After being admitted to our hospitals for the EFT procedure, patients were administered the fast‐acting treatment set, as well as oral immune therapies. If there was insufficient improvement, the fast‐acting treatment set was repeated until MM status was reached. After such treatment, patients were discharged from the hospital and followed up with the lowest possible dose of oral steroids.11 If MM status could not be maintained or a dose increase of oral steroids was needed during follow‐up, we recommended that patients undergo the treatment set again (during an additional hospital stay of 2–7 days). The fast‐acting treatment set was also performed in the non‐severe cases to achieve an early MM or better and to help reduce the dose of oral steroids. The frequencies of fast‐acting treatment and the doses given, along with the duration of oral PSL, are shown in Table 2.

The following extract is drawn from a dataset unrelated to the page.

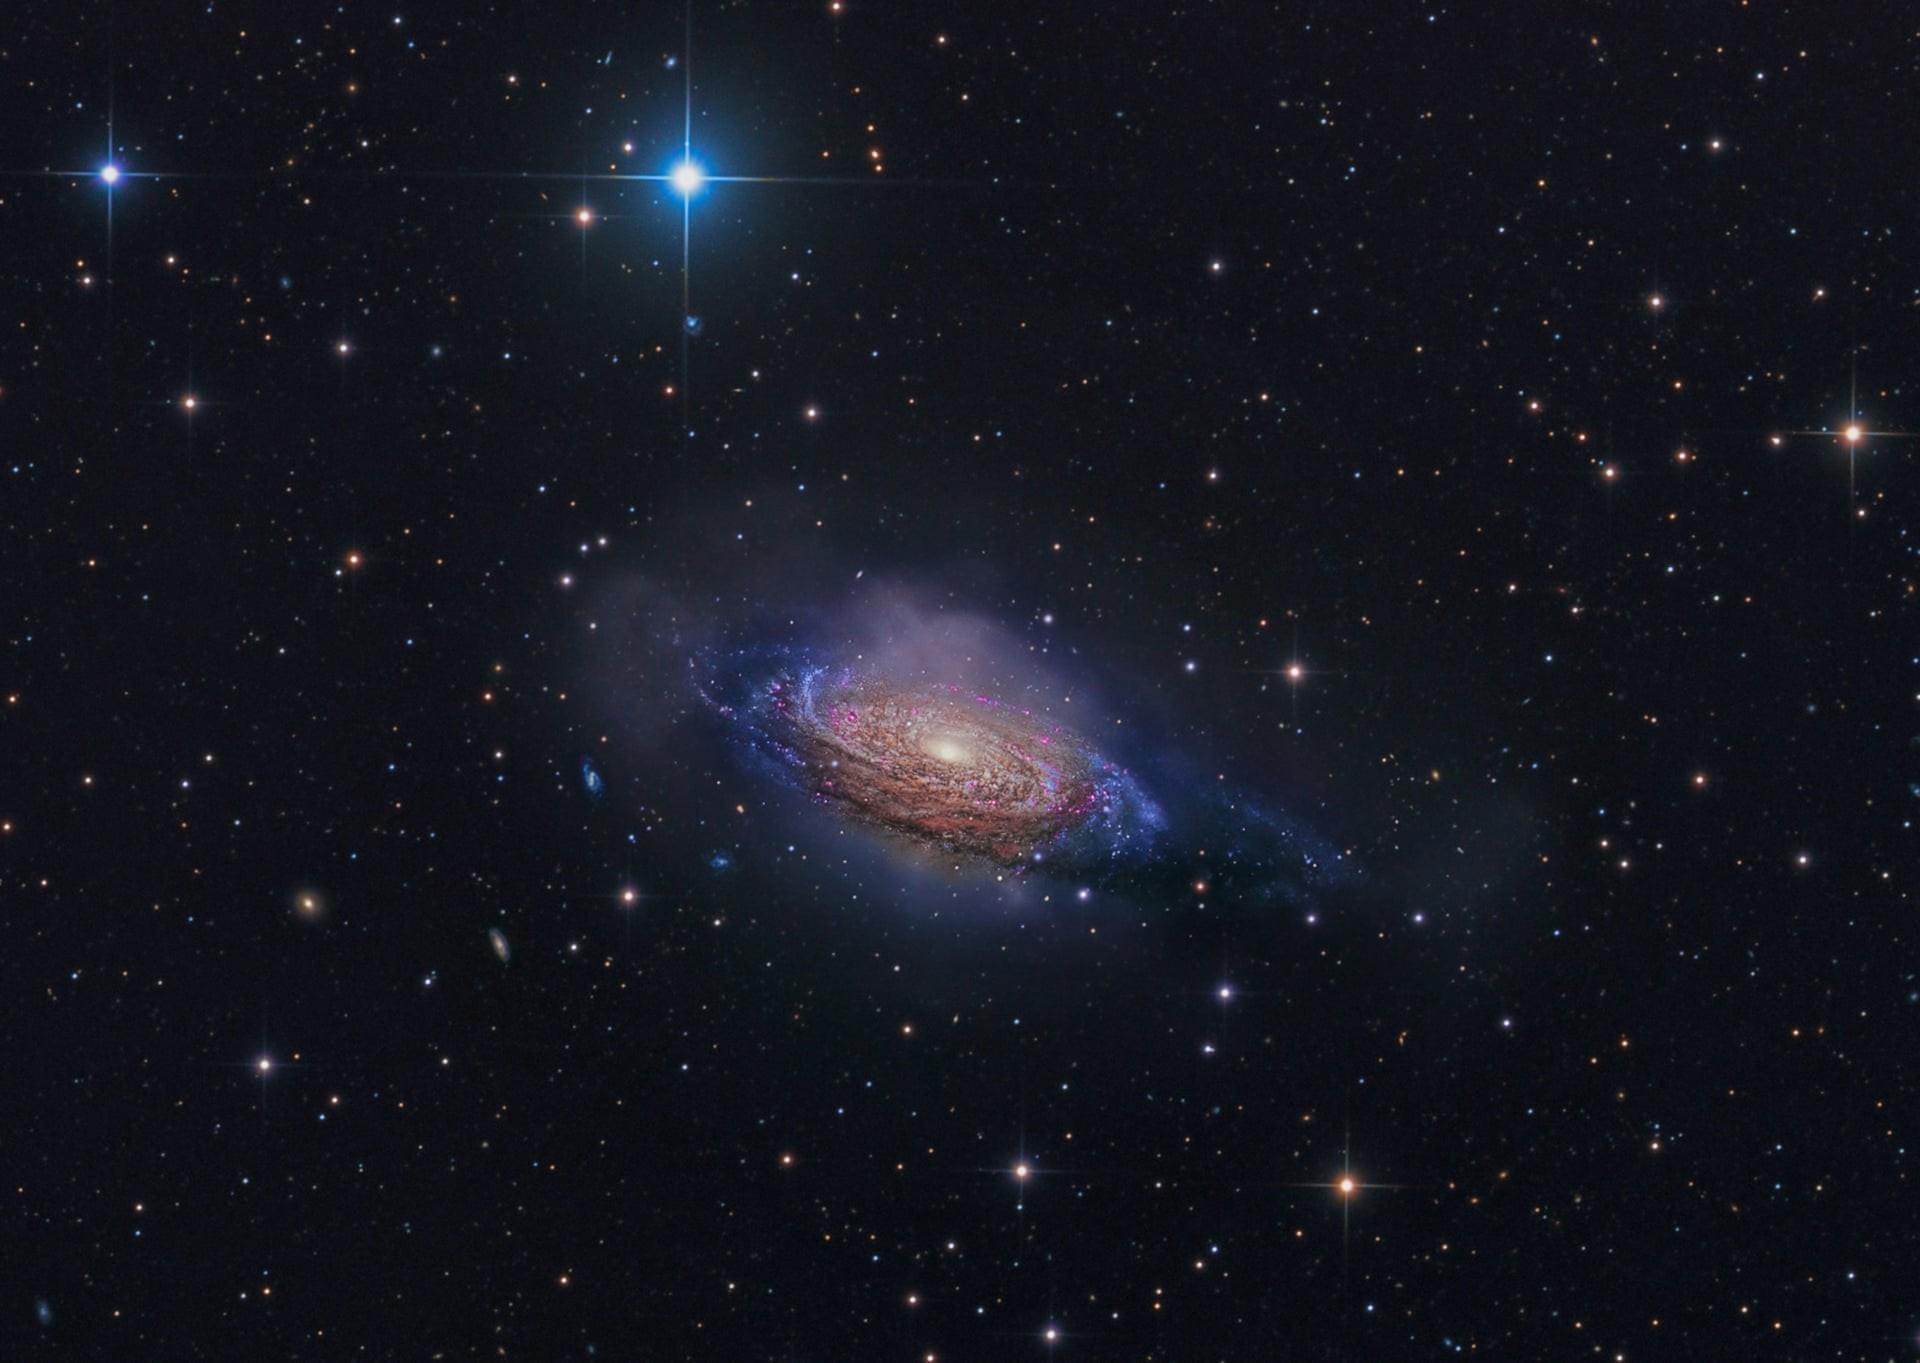 NGC 3521, Mysterious Galaxy do fotógrafo australiano Steven Mohr (Foto: Reprodução)

HMP after plasmapheresis was omitted in some patients treated with plasmapheresis on high‐dose oral PSL. Treatment with HMP alone was actually infrequent, but, when it was performed, 0.5 g/day of methylprednisolone for 1–2 days, a lower dose than used for other autoimmune diseases, was preferentially administered. As it was only 3.5 years from the approval of IVIg for MG by the National Health Insurance in Japan (i.e., since September 2011), the frequency of IVIg use was still low. In non‐severe cases, HMP alone or IVIg were also performed in the outpatient department.
Non‐EFT
Non‐EFT mainly consisted of oral immunotherapy with oral corticosteroids. Non‐oral fast‐acting therapies, such as plasmapheresis, HMP, and IVIg, were only provided as treatment for patients in MG crisis or during an attempt to avoid crisis. Non‐EFT also was used in patients with various disease severities (MGFA classes II–V). In the non‐EFT group, various dosing regimens of oral steroids were used. Table 2 lists the frequencies of plasmapheresis, HMP, and IVIg, along with the dose and duration of oral PSL.
Non‐Steroid Immunosuppressants
Attending physicians treated patients with non‐steroid immunosuppressants in both the EFT and non‐EFT groups. The only non‐steroid immunosuppressants that have been approved for use by the National Health Insurance in Japan are calcineurin inhibitors (CNIs; cyclosporine and tacrolimus). In a few cases, azathioprine and mycophenolate mofetil were also used, but only rarely. Table 2 lists the frequency of CNI and azathioprine use in both groups.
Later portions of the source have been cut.